Publication | Open Access
A statistical post-processor for accounting of hydrologic uncertainty in short-range ensemble streamflow prediction
150
Citations
34
References
2006
Year
Unknown Venue
Hydrological PredictionEngineeringWeather ForecastingEarth ScienceProbabilistic ForecastingStatistical Post-processorNumerical Weather PredictionCatchment ScaleUncertainty QuantificationHydrological ModelingHydrometeorologyMeteorologyGeographyEnsemble Streamflow PredictionForecastingHydrologyHydrologic UncertaintyStructural UncertaintiesWater ResourcesHydrologic Uncertainties
Abstract.

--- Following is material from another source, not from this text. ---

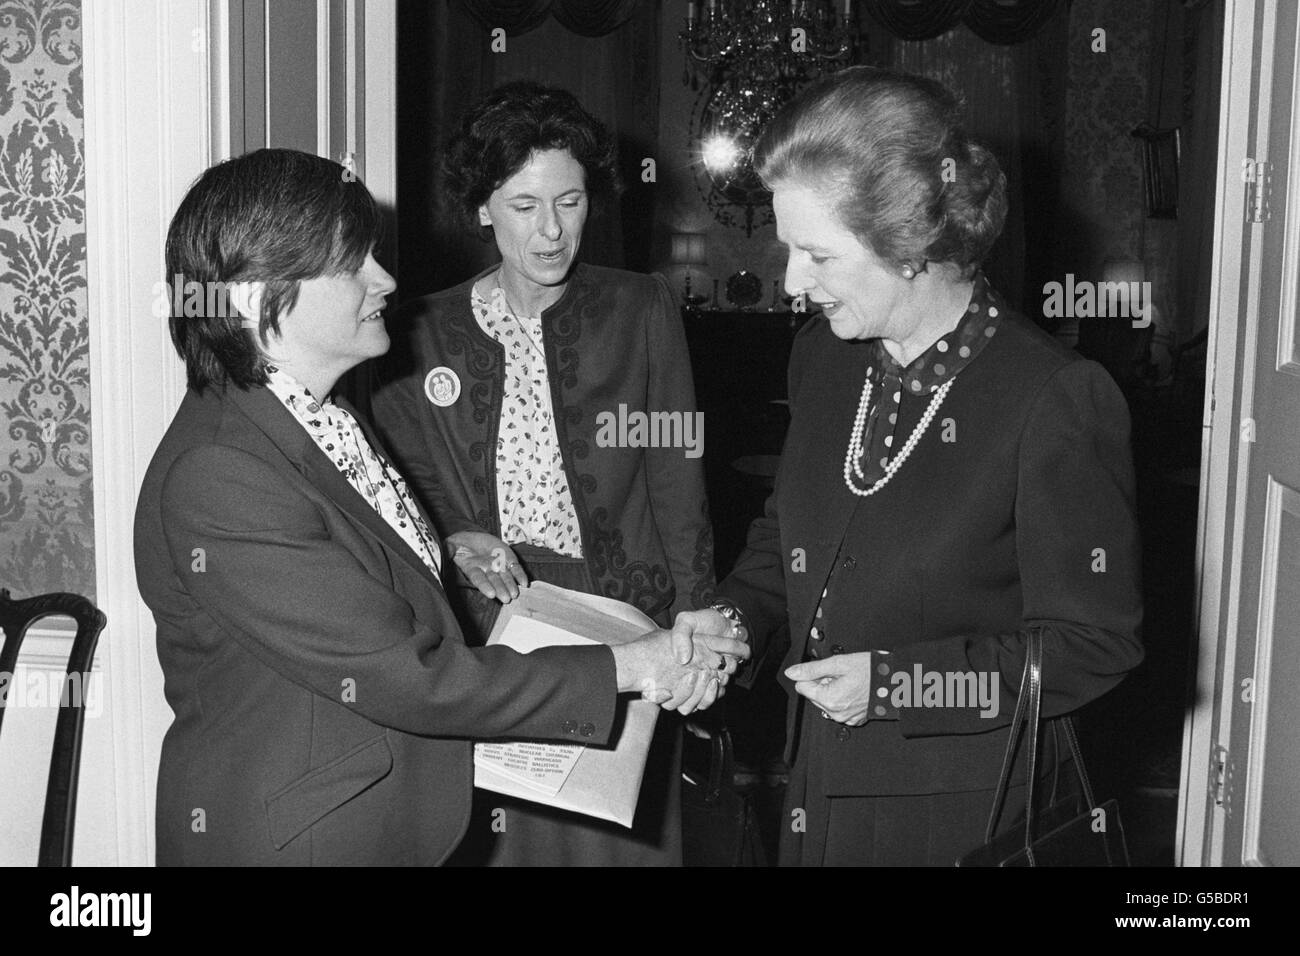 Premierministerin Margaret Thatcher, rechts, begrüßt Ann Widdecombe, links, mit Lady Olga Maitland während eines Empfangs in der Downing Street Nr. 10 für Mitglieder der Frauen und Familien der Verteidigung, Auf der eine Petition eingereicht wurde, um „die Anerkennung Großbritanniens für die Errungenschaften der NATO bei der Erhaltung des Friedens in Europa für 35 Jahre zu Protokoll zu geben“. Stockfoto

In addition to the uncertainty in future boundary conditions of precipitation and temperature (i.e. the meteorological uncertainty), parametric and structural uncertainties in the hydrologic models and uncertainty in the model initial conditions (i.e. the hydrologic uncertainties) constitute a major source of error in hydrologic prediction. As such, accurate accounting of both meteorological and hydrologic uncertainties is critical to producing reliable probabilistic hydrologic prediction. In this paper, we describe and evaluate a statistical procedure that accounts for hydrologic uncertainty in short-range (1 to 5 days ahead) ensemble streamflow prediction (ESP). Referred to as the ESP post-processor, the procedure operates on ensemble traces of model-predicted streamflow that reflect only the meteorological uncertainty and produces post-processed ensemble traces that reflect both the meteorological and hydrologic uncertainties. A combination of probability matching and regression, the procedure is simple, parsimonious and robust. For a critical evaluation of the procedure, independent validation is carried out for five basins of the Juniata River in Pennsylvania, USA, under a very stringent setting. The results indicate that the post-processor is fully capable of producing ensemble traces that are unbiased in the mean and in the probabilistic sense. Due primarily to the uncertainties in the cumulative probability distributions (CDF) of observed and simulated flows, however, the unbiasedness may be compromised to a varying degree in real world situations. It is also shown, however, that the uncertainties in the CDF's do not significantly diminish the value of post-processed ensemble traces for decision making, and that probabilistic prediction based on post-processed ensemble traces significantly improves the value of single-value prediction at all ranges of flow.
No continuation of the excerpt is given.